The $250,000 will be divided among workers with wage theft claims beginning in May 2020 under the statute of limitations, even though the workers say Evergreen Acres has been defrauding them for decades. At Saturday’s meeting, one worker said he was cheated out of wages when he worked for Evergreen in 2013 and 2016. Unfortunately, he will not be eligible for compensation, the attorney general’s staff told him.

The attorney general’s office said undocumented workers who have been employed by Evergreen Acres since 2013 may be eligible for deferred action on deportation, which is granted to victims of labor abuses and other crimes. About 20 Evergreen Acres workers have so far been granted deferred action on deportation, allowing them to obtain authorization to work in the United States for a temporary period.

The attorney general’s office told workers at Saturday’s meeting that they aren’t sure what will happen to deferred action under President-elect Donald Trump, who has promised mass deportations, but that deferred action could continue to protect them during his presidency its.

In addition to the monetary settlement, Evergreen Acres must make repairs to the employees’ housing. The attorney general will also be able to monitor Minnesota Dairy and its related companies, Evergreen Estates and Morgan Feedlots, for future violations over the next three years. Schaefer and Hill must submit regular payroll records to the attorney general and allow inspections of its employees’ homes to ensure they meet basic housing standards.

Guitierrez told Ellison that he had already heard from the workers that Schaefer might try to get around the settlement agreement by having the workers pay him cash for rent for the unlivable spaces after he received their checks.

The settlement also bars Schaefer from retaliating against workers who cooperate with the attorney general, but some say they have already faced repercussions for reporting wage theft and substandard living conditions.

One worker, who asked not to be identified for fear of retaliation, said he was fired from Evergreen Acres earlier this year.

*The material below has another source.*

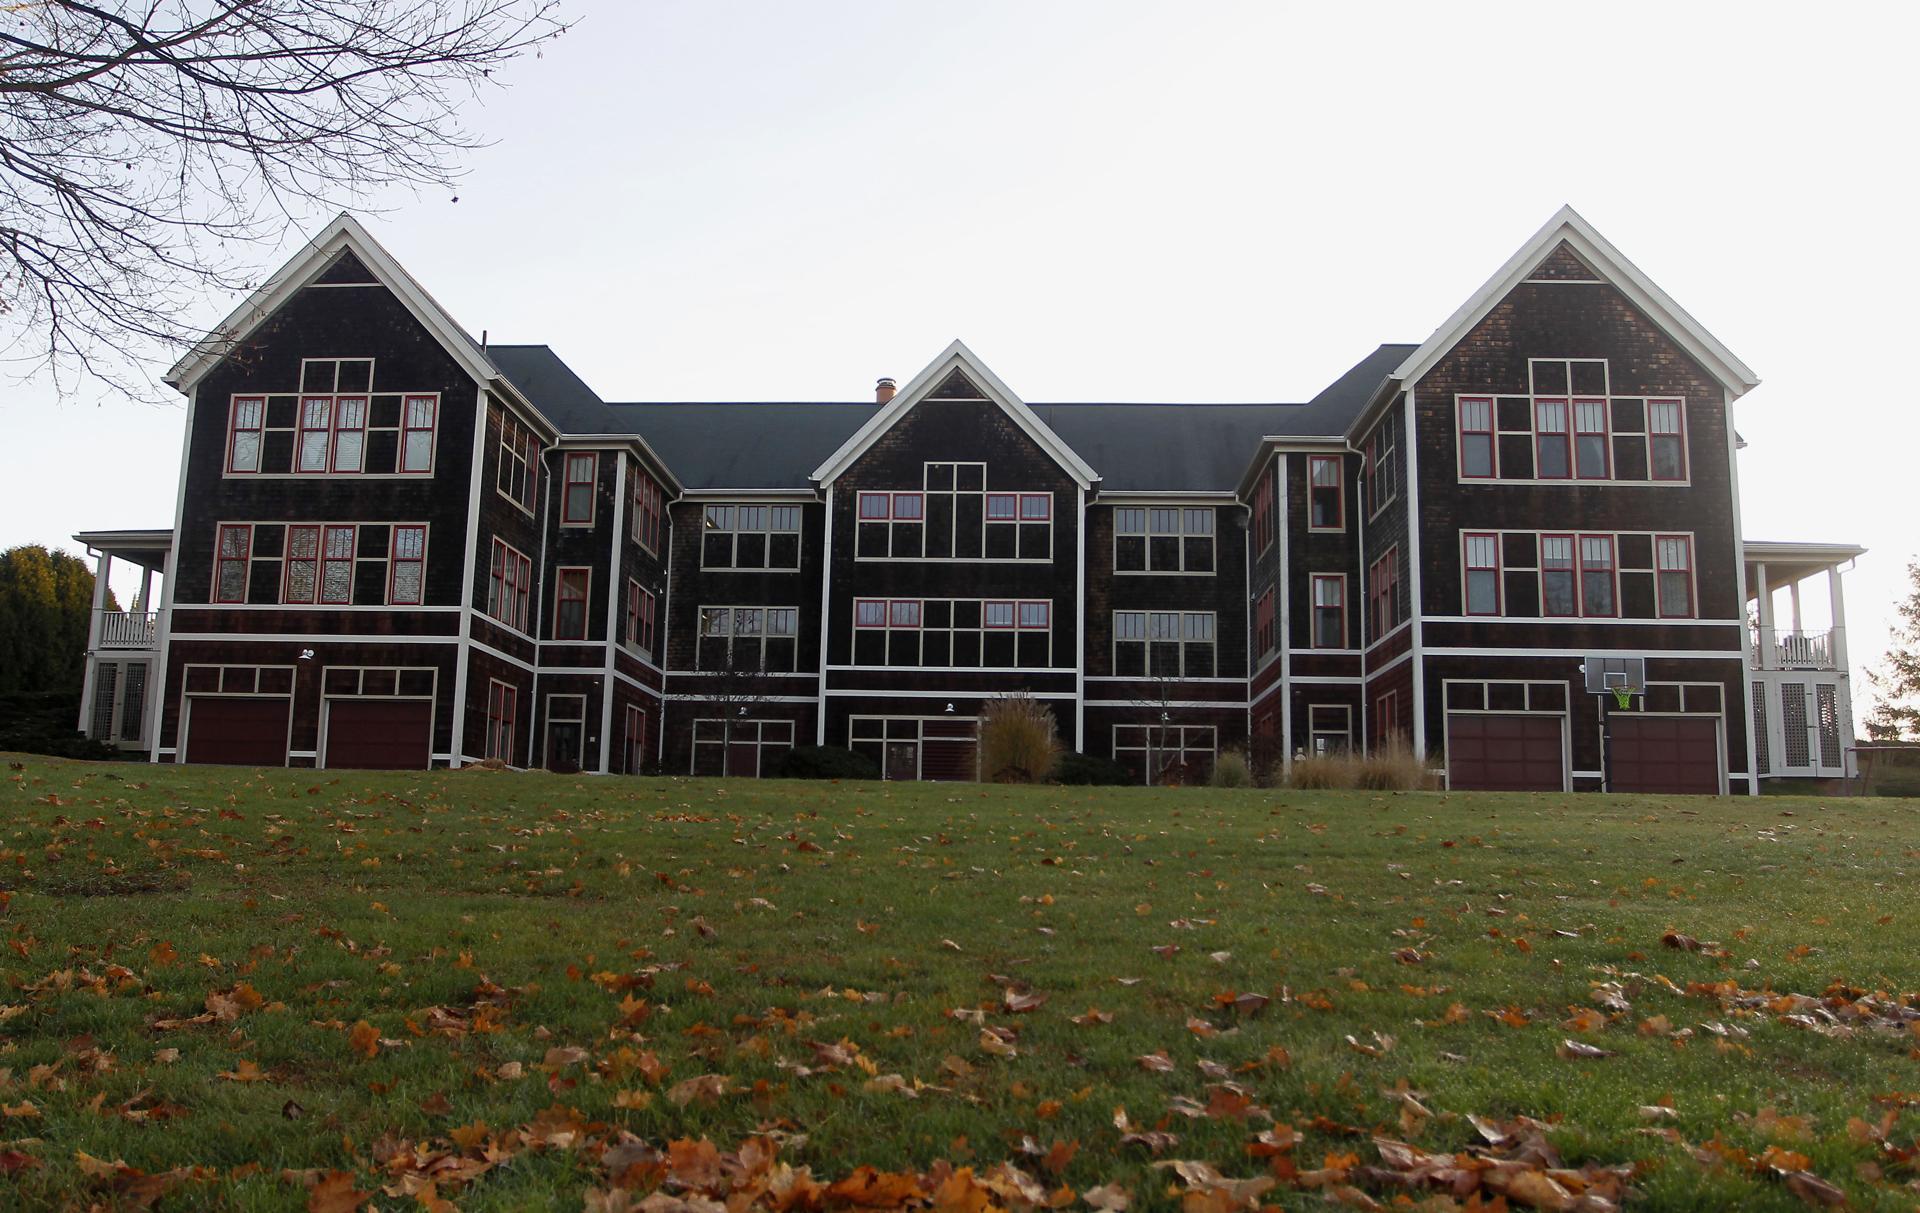 The Zane dormitory at St. George's School.

He said he did not find work at other dairy farms and the suspects Schaefer told them he cooperated with investigators.

Ellison encouraged workers to continue to come forward to report wrongdoing.

“We’re not going to quit,” Ellison said. “The only way it continues to get away is if people are intimidated and don’t come forward.”

As for criminal charges, Ellison’s wage theft division has no criminal jurisdiction. They can refer cases to local law enforcement and county prosecutors to build a criminal case. A spokesman for the attorney general’s office said they have been in communication with the Stearns County District Attorney about Evergreen Acres.

Prosecutions for wage theft are extremely rare, especially considering that it is believed to be one of the most common forms of theft.

As of 2019, Minnesota prosecutors have only charged felony wage theft twice. The conviction for wage theft, a serious misdemeanor, appears to be a mistake because the individual was charged with stealing electronics from Walmart.

Part of the reason for the lack of cases may be a perception of wage theft as not as serious or criminal as shoplifting or fraudulently claiming unemployment insurance. Also, cases of wage theft apparently go to local police and prosecutors, who likely have little appetite or expertise in investigating white-collar crimes.

In 2022, state lawmakers empowered the Commerce Fraud Bureau to criminally investigate financial crimes. Previously, the agency was only required to investigate insurance fraud.

Evergreen workers say employers must face penalties or they won’t change.

“I’m not interested in the money and neither is anyone else who was here. What we care about is justice for the people who have been here before and the people who will work for him in the future — that there is a precedent,” one worker said in Spanish through an interpreter.